Written and directed by Will McCormack (Toy Story 4, Celeste and Jesse Forever) and Michael Govier, with gorgeous animation from Youngran Nho and his team, this 12-minute, wordless short tells the story of two grieving parents. At first, we don’t know why the married couple is eating dinner in sullen silence, the shadow of an argument hanging over them. But we start to suspect, as the mom studiously avoids a room in the house and the dad stares dead-eyed at the TV, that they have lost something too great for words.
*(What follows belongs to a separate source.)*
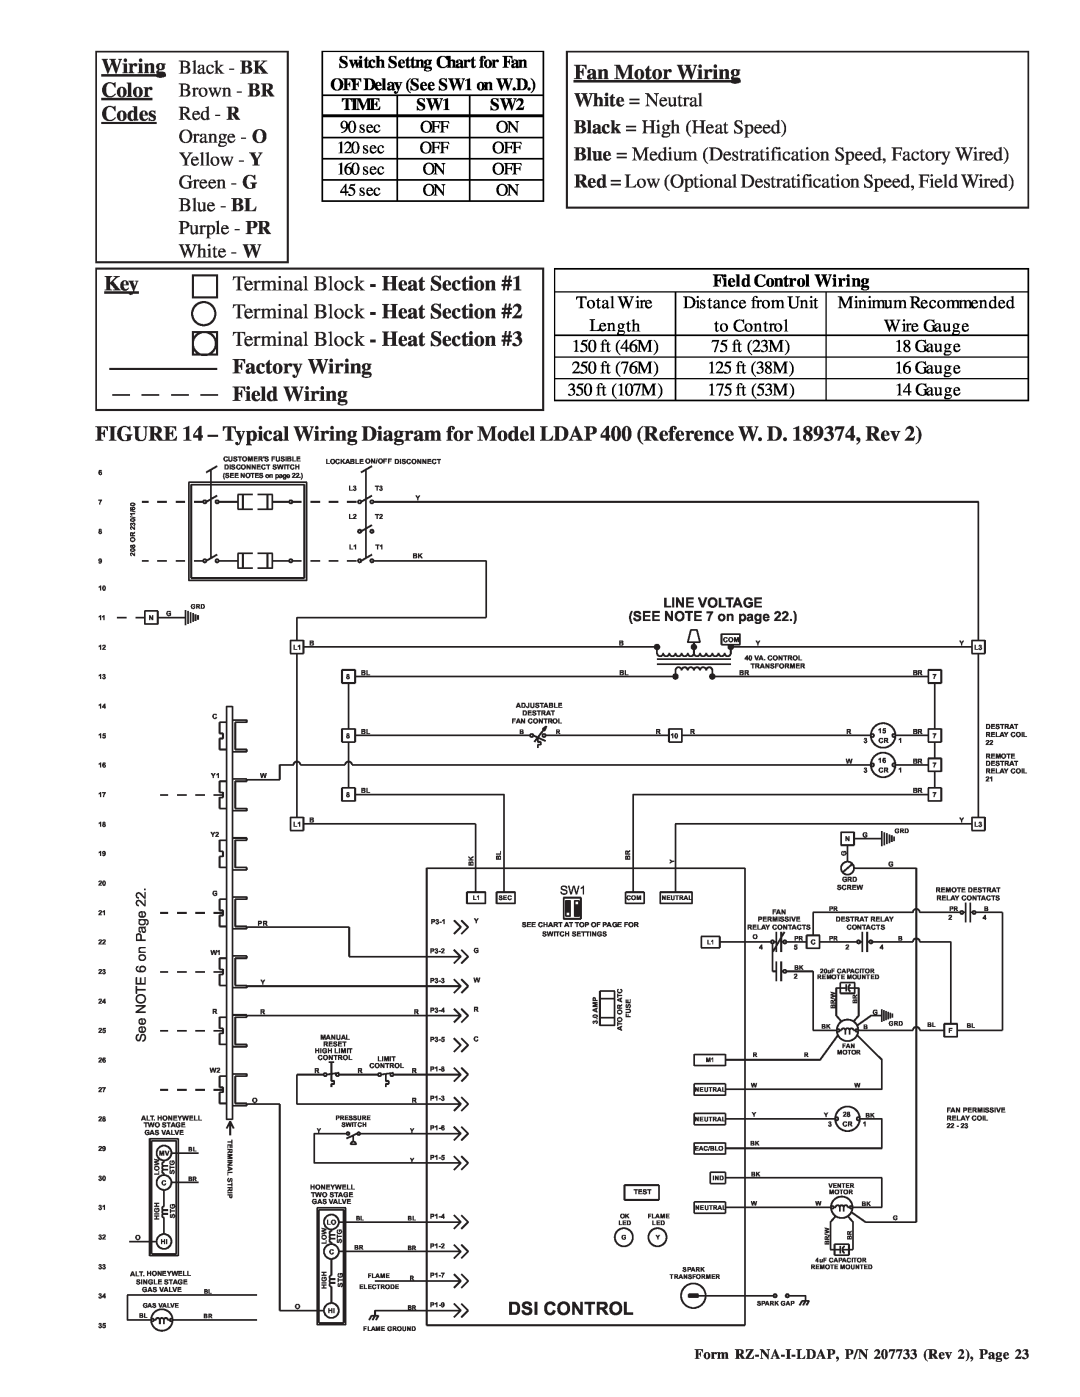 Thomas & Betts LDAP 1200 Fan Motor Wiring, Terminal Block - Heat Section #1, Terminal Block - Heat Section #2, Dsi Control 
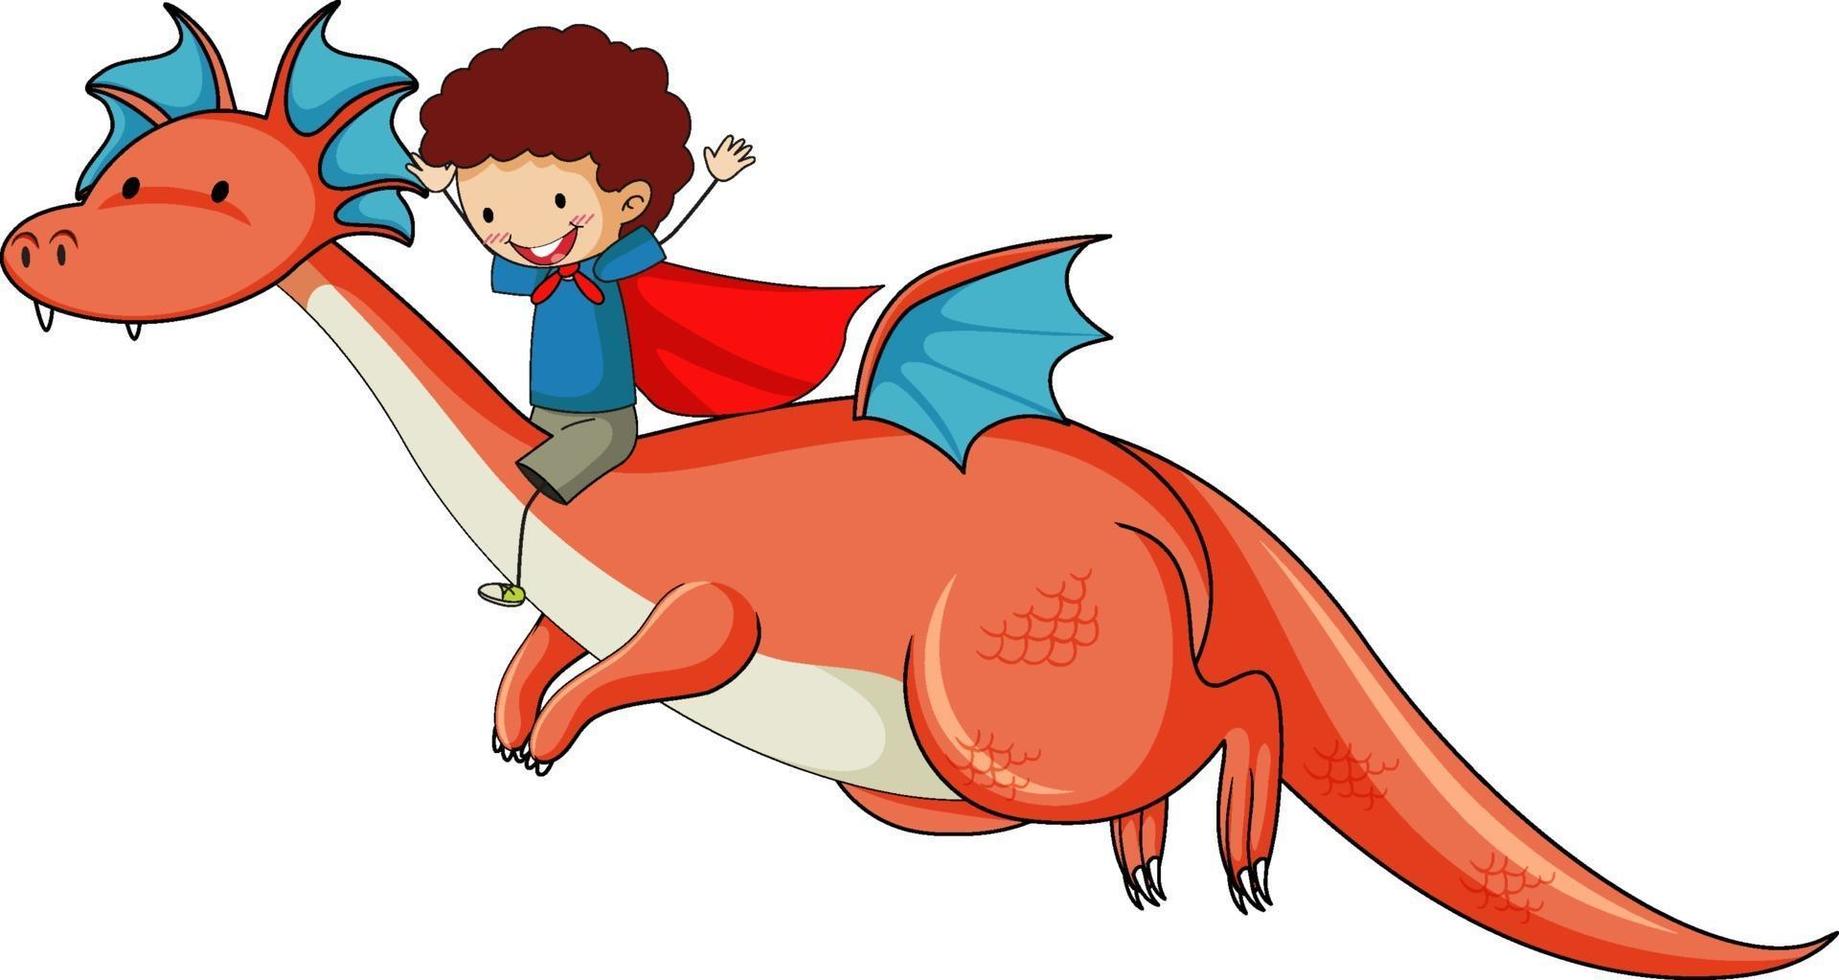 Little boy riding a dragon cartoon character vector

Those suspicions are confirmed when the memory of a little girl comes flooding back, triggered by the family cat accidentally turning on the record player in her room. The song “1950” by King Princess fills the air, and the parents remember their vibrant 10-year-old young girl who played soccer, took selfies, and loved life, until one day she went to school and never came back. No violence is drawn out. We see only the barest sketch of school doors and hear only the blood-curdling sounds of gunshots. Then, over the sound of sirens, we see the last text sent on the young girl’s phone: “If anything happens, I love you.”

It echoes the heartbreaking texts sent by students to their loved ones at Marjory Stoneman Douglas High School in Parkland, Florida in 2018. And though it’s not a loss that either McCormack or Govier has felt first-hand, the filmmakers spoke with grieving parents and worked with Everytown for Gun Safety while making the film. “We wanted to create an elegy for these parents who have dealt with that grief that no one should have to go through,” McCormack said in an interview with Animation Scoop.

“You’re watching a grieving process,” Govier added in the same interview. “I do think there’s hope within it because you’re seeing the human spirit and how much the human spirit can endure and go forward. That is a huge testament to all of us and also to survivors – and also the ones who were lost.”

It’s all but impossible to get to the end of If Anything Happens, I Love You without sobbing. To be honest, I started crying again just thinking about it. It is easily one of the most powerful short films of the year, so don’t be too surprised if you hear about it during Oscar season. And don’t dry those eyes just yet—Netflix has two more heavy-hitter short films coming up: Canvas directed by former Pixar animator Frank E. Abney III, about an artist who tries to recapture the magic after losing his wife; and Cops and Robbers directed by Arnon Manor and Timothy Ware-Hill, inspired by the deadly killing of Ahmaud Arbery, a 25-year-old Black man who was shot and killed by a white former police officer and his son in February.